*** Opening Supplied data ***

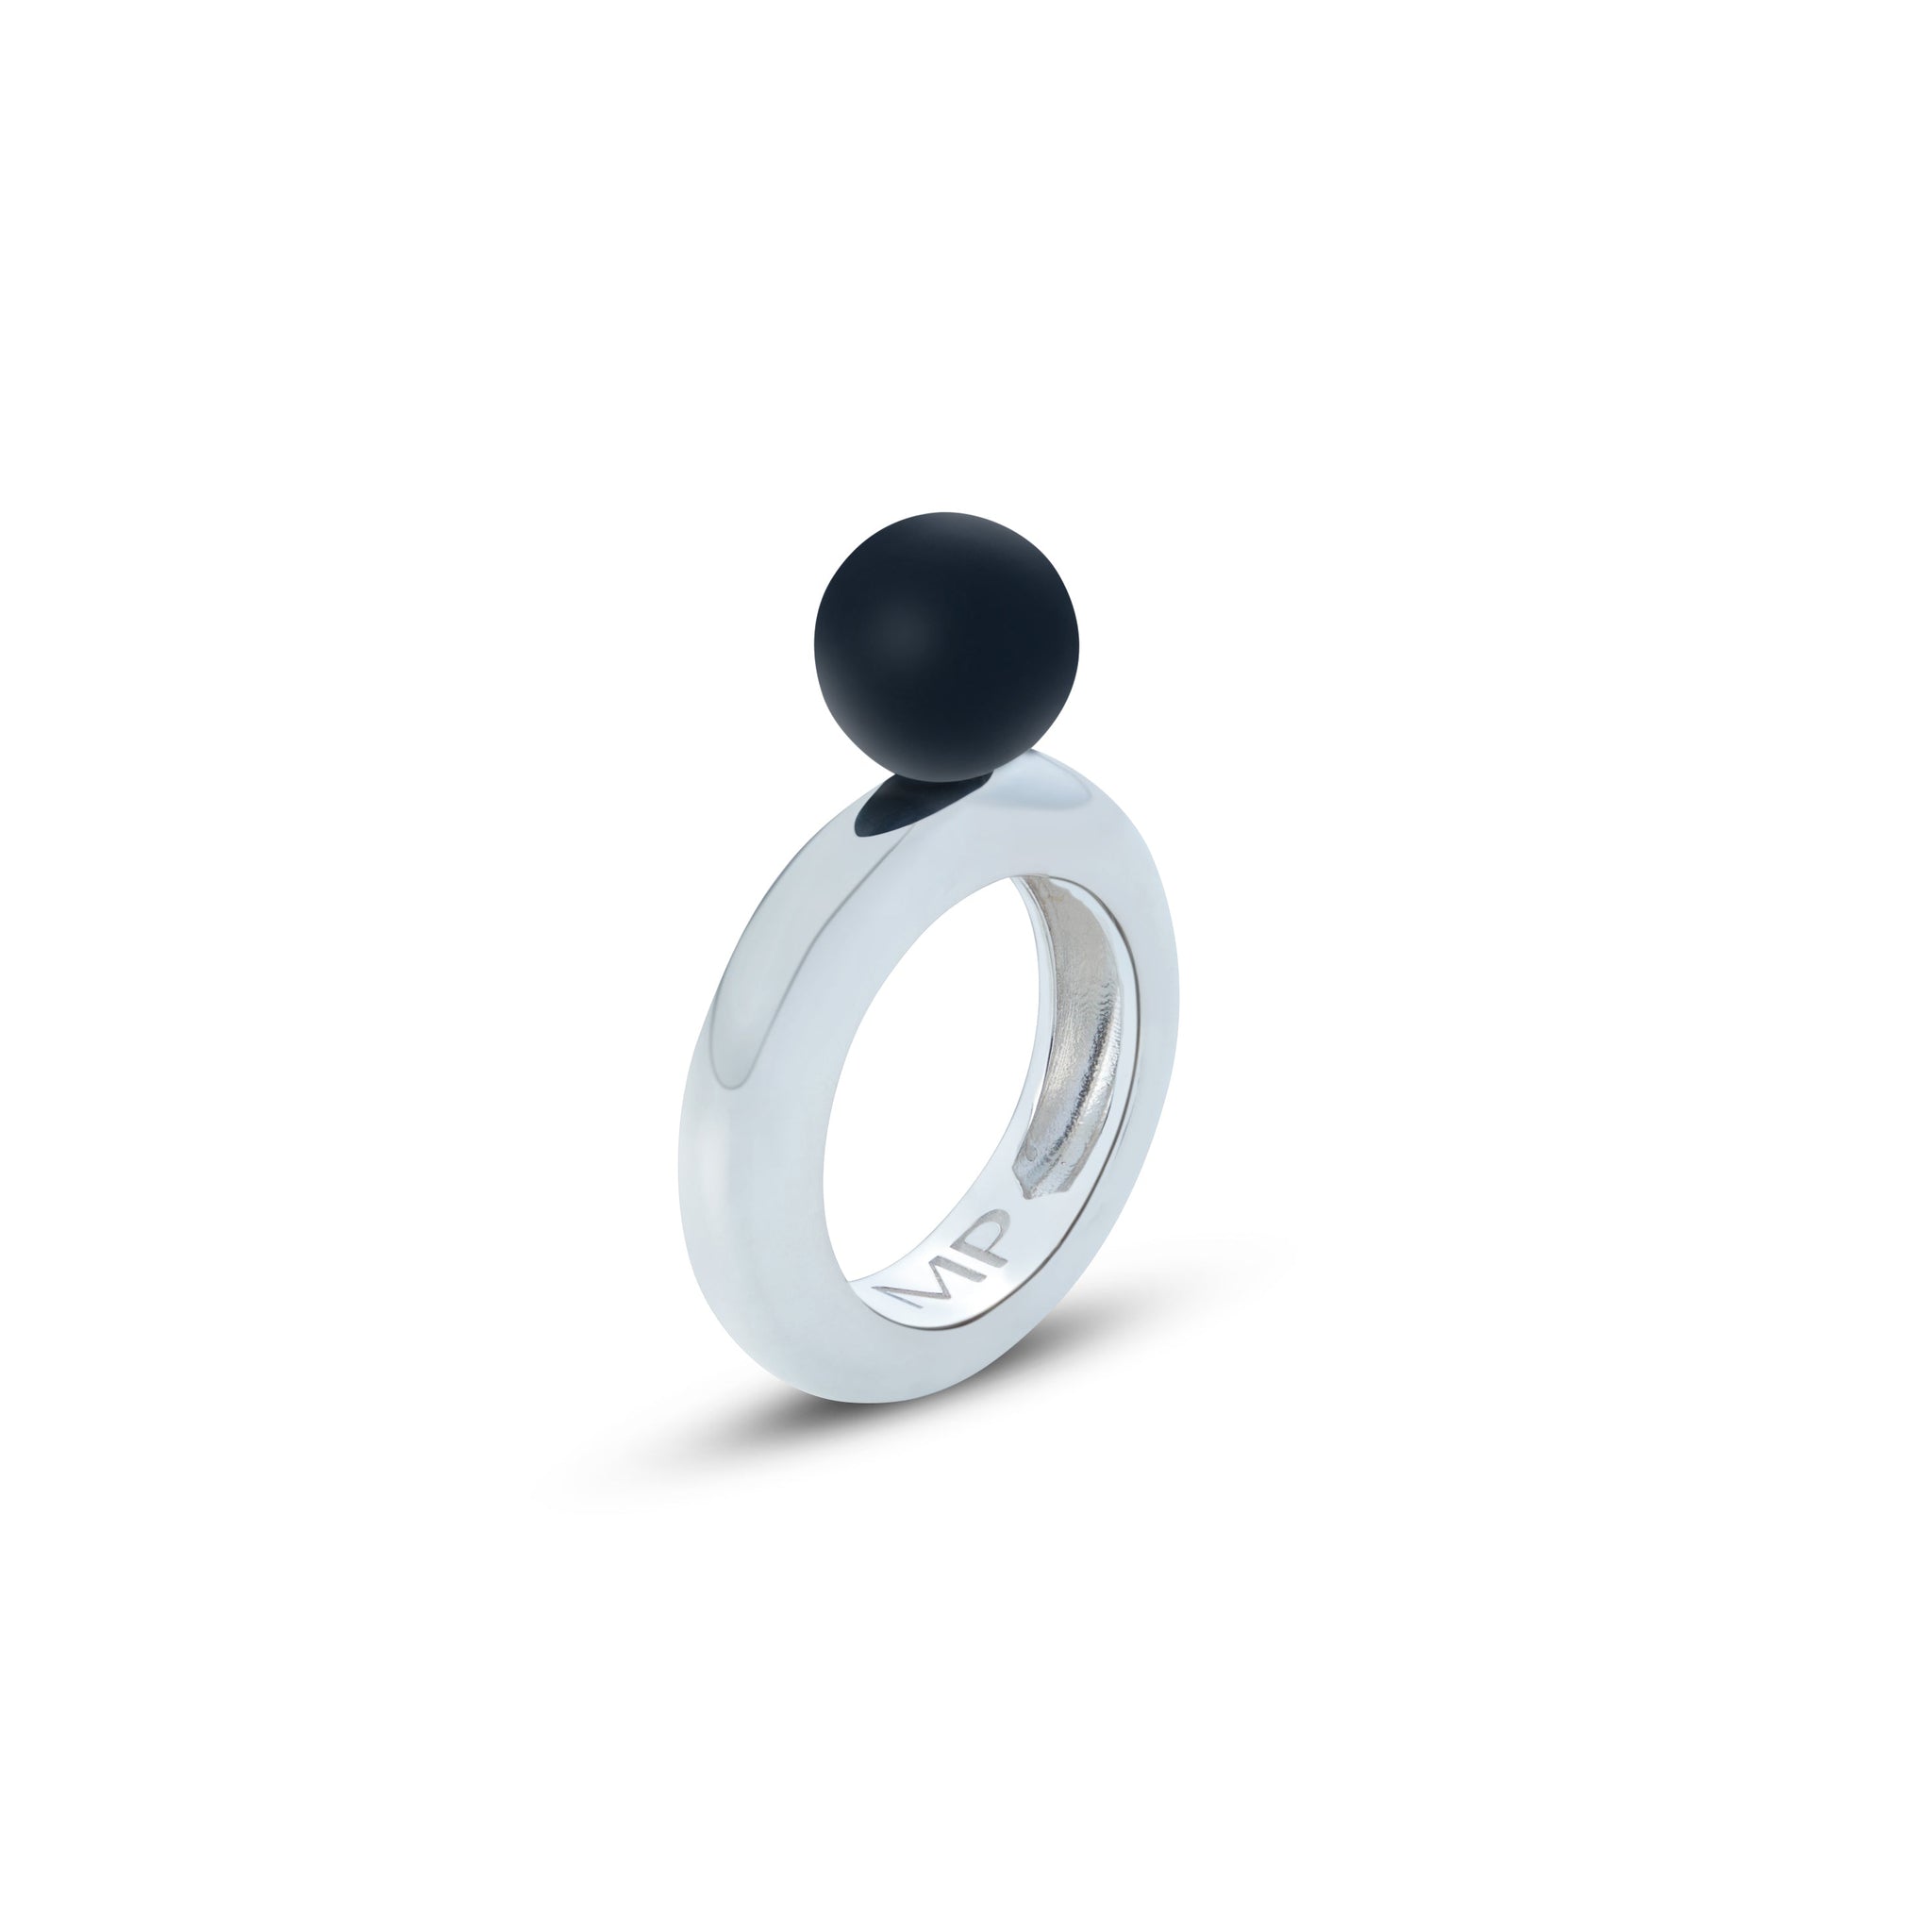 Madame Palm solitaire ring self-love in black silicone pearl and white gold 18kt band
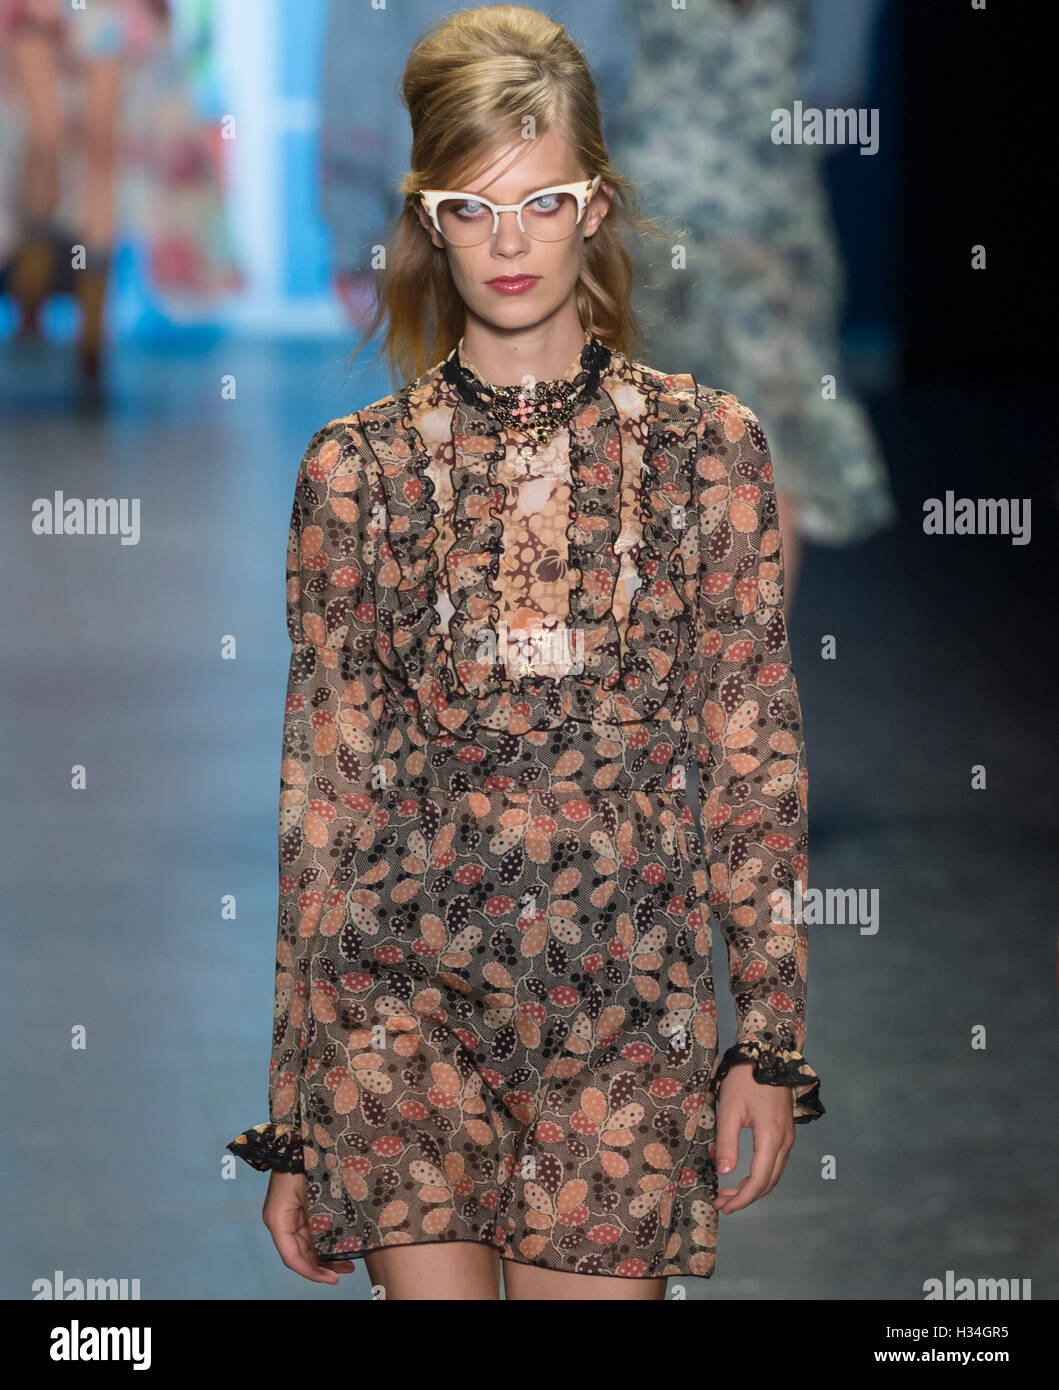 NEW YORK, NY - SEPTEMBER 14, 2016: A model walks the runway at the Anna Sui Spring Summer 2017 fashion show during NYFW Stock Photo
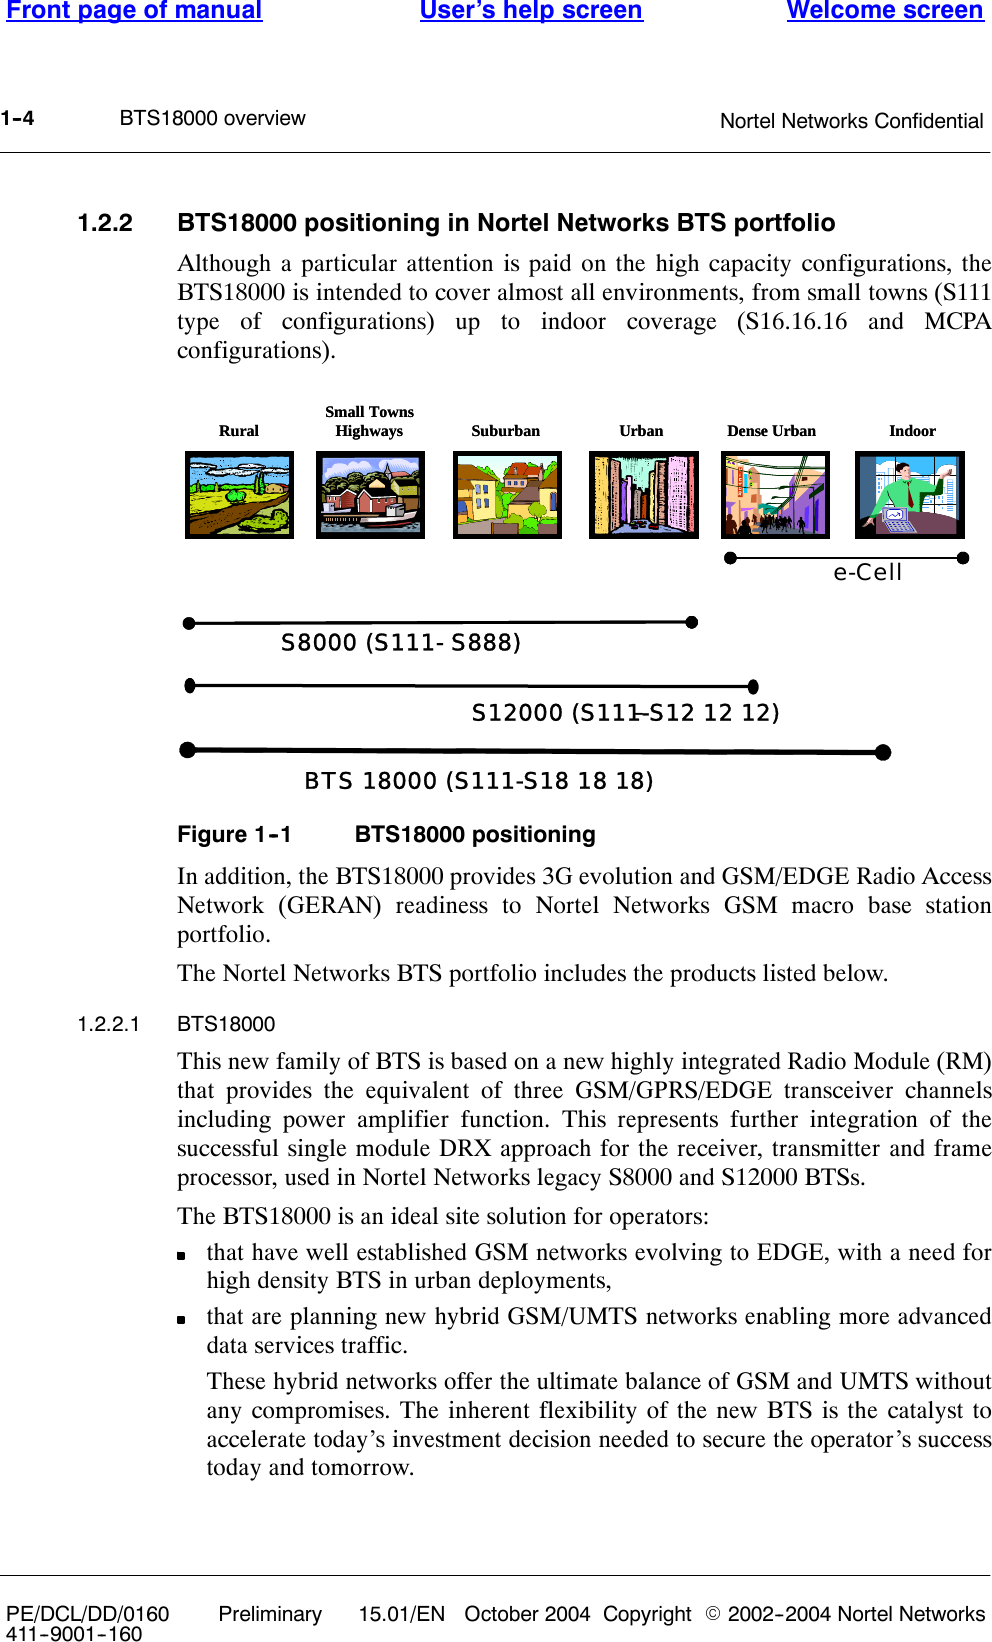 BTS18000 overviewFront page of manual Welcome screenUser’s help screenNortel Networks Confidential1--4PE/DCL/DD/0160411--9001--160Preliminary 15.01/EN October 2004 Copyright E2002--2004 Nortel Networks1.2.2 BTS18000 positioning in Nortel Networks BTS portfolioAlthough a particular attention is paid on the high capacity configurations, theBTS18000 is intended to cover almost all environments, from small towns (S111type of configurations) up to indoor coverage (S16.16.16 and MCPAconfigurations).  e-CellS12000 (S111-S12 12 12)–Rural Small TownsHighways Suburban IndoorUrban Dense Urban S8000 (S111- S888)  BTS 18000 (S111-S18 18 18) –Rural Small TownsHighways Suburban IndoorUrban Dense Urban Figure 1--1 BTS18000 positioningIn addition, the BTS18000 provides 3G evolution and GSM/EDGE Radio AccessNetwork (GERAN) readiness to Nortel Networks GSM macro base stationportfolio.The Nortel Networks BTS portfolio includes the products listed below.1.2.2.1 BTS18000This new family of BTS is based on a new highly integrated Radio Module (RM)that provides the equivalent of three GSM/GPRS/EDGE transceiver channelsincluding power amplifier function. This represents further integration of thesuccessful single module DRX approach for the receiver, transmitter and frameprocessor, used in Nortel Networks legacy S8000 and S12000 BTSs.The BTS18000 is an ideal site solution for operators:that have well established GSM networks evolving to EDGE, with a need forhigh density BTS in urban deployments,that are planning new hybrid GSM/UMTS networks enabling more advanceddata services traffic.These hybrid networks offer the ultimate balance of GSM and UMTS withoutany compromises. The inherent flexibility of the new BTS is the catalyst toaccelerate today’s investment decision needed to secure the operator’s successtoday and tomorrow.
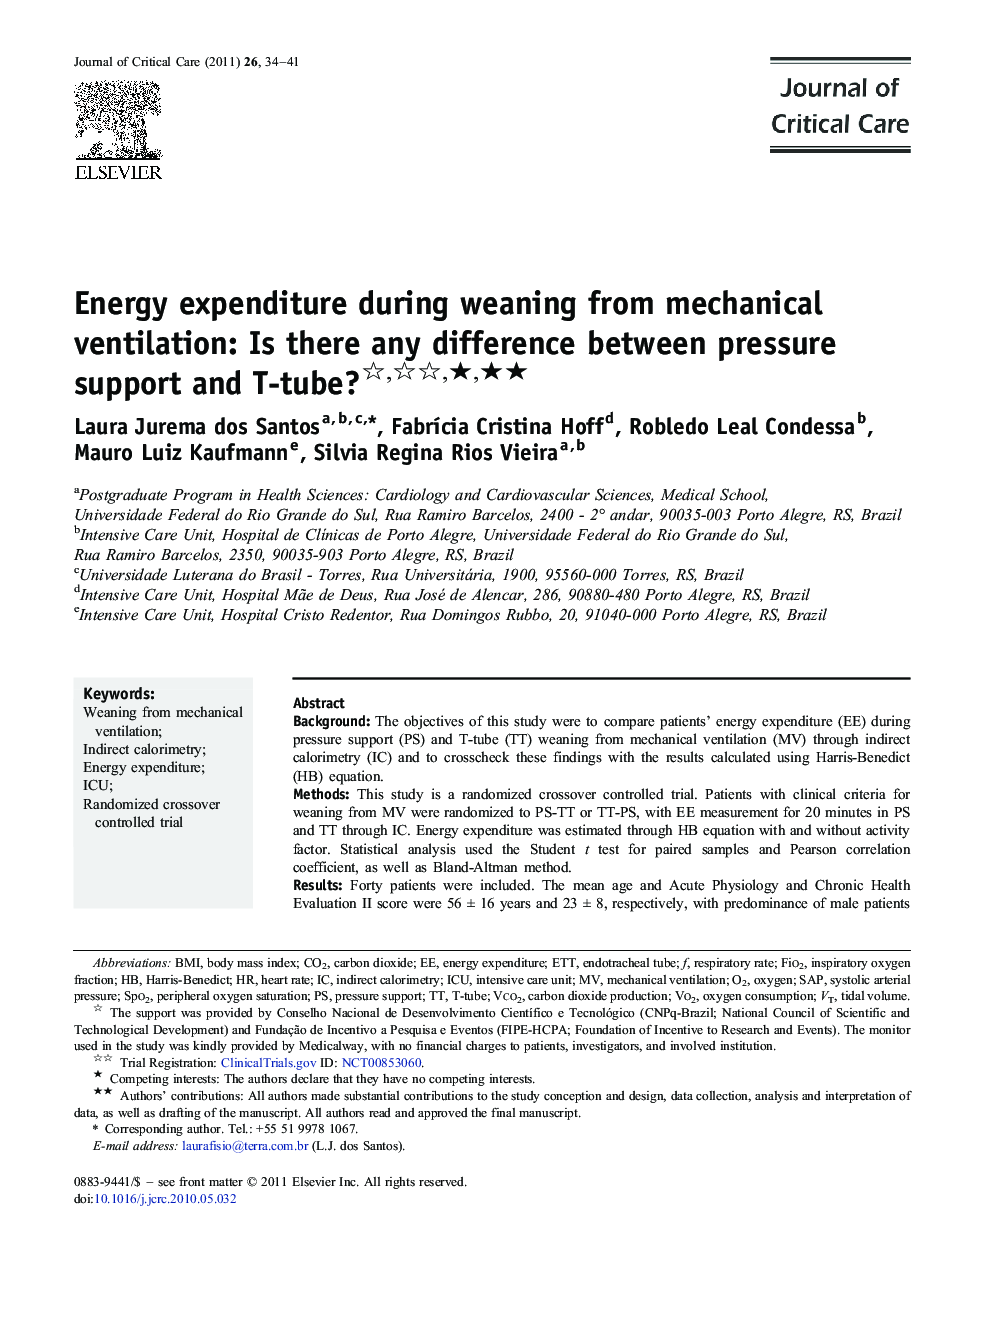 Energy expenditure during weaning from mechanical ventilation: Is there any difference between pressure support and T-tube? ★★★

*** Closing Supplied data ***

What you will do
Once the pictures are set aside, transcribe the remaining lines above exactly.

Exercise output
 Madame Palm solitaire ring self-love in black silicone pearl and white gold 18kt band
 NEW YORK, NY - SEPTEMBER 14, 2016: A model walks the runway at the Anna Sui Spring Summer 2017 fashion show during NYFW Stock Photo
 BTS18000 overviewFront page of manual Welcome screenUser’s help screenNortel Networks Confidential1--4PE/DCL/DD/0160411--9001--160Preliminary 15.01/EN October 2004 Copyright E2002--2004 Nortel Networks1.2.2 BTS18000 positioning in Nortel Networks BTS portfolioAlthough a particular attention is paid on the high capacity configurations, theBTS18000 is intended to cover almost all environments, from small towns (S111type of configurations) up to indoor coverage (S16.16.16 and MCPAconfigurations).  e-CellS12000 (S111-S12 12 12)–Rural Small TownsHighways Suburban IndoorUrban Dense Urban S8000 (S111- S888)  BTS 18000 (S111-S18 18 18) –Rural Small TownsHighways Suburban IndoorUrban Dense Urban Figure 1--1 BTS18000 positioningIn addition, the BTS18000 provides 3G evolution and GSM/EDGE Radio AccessNetwork (GERAN) readiness to Nortel Networks GSM macro base stationportfolio.The Nortel Networks BTS portfolio includes the products listed below.1.2.2.1 BTS18000This new family of BTS is based on a new highly integrated Radio Module (RM)that provides the equivalent of three GSM/GPRS/EDGE transceiver channelsincluding power amplifier function. This represents further integration of thesuccessful single module DRX approach for the receiver, transmitter and frameprocessor, used in Nortel Networks legacy S8000 and S12000 BTSs.The BTS18000 is an ideal site solution for operators:that have well established GSM networks evolving to EDGE, with a need forhigh density BTS in urban deployments,that are planning new hybrid GSM/UMTS networks enabling more advanceddata services traffic.These hybrid networks offer the ultimate balance of GSM and UMTS withoutany compromises. The inherent flexibility of the new BTS is the catalyst toaccelerate today’s investment decision needed to secure the operator’s successtoday and tomorrow.
 Energy expenditure during weaning from mechanical ventilation: Is there any difference between pressure support and T-tube? ★★★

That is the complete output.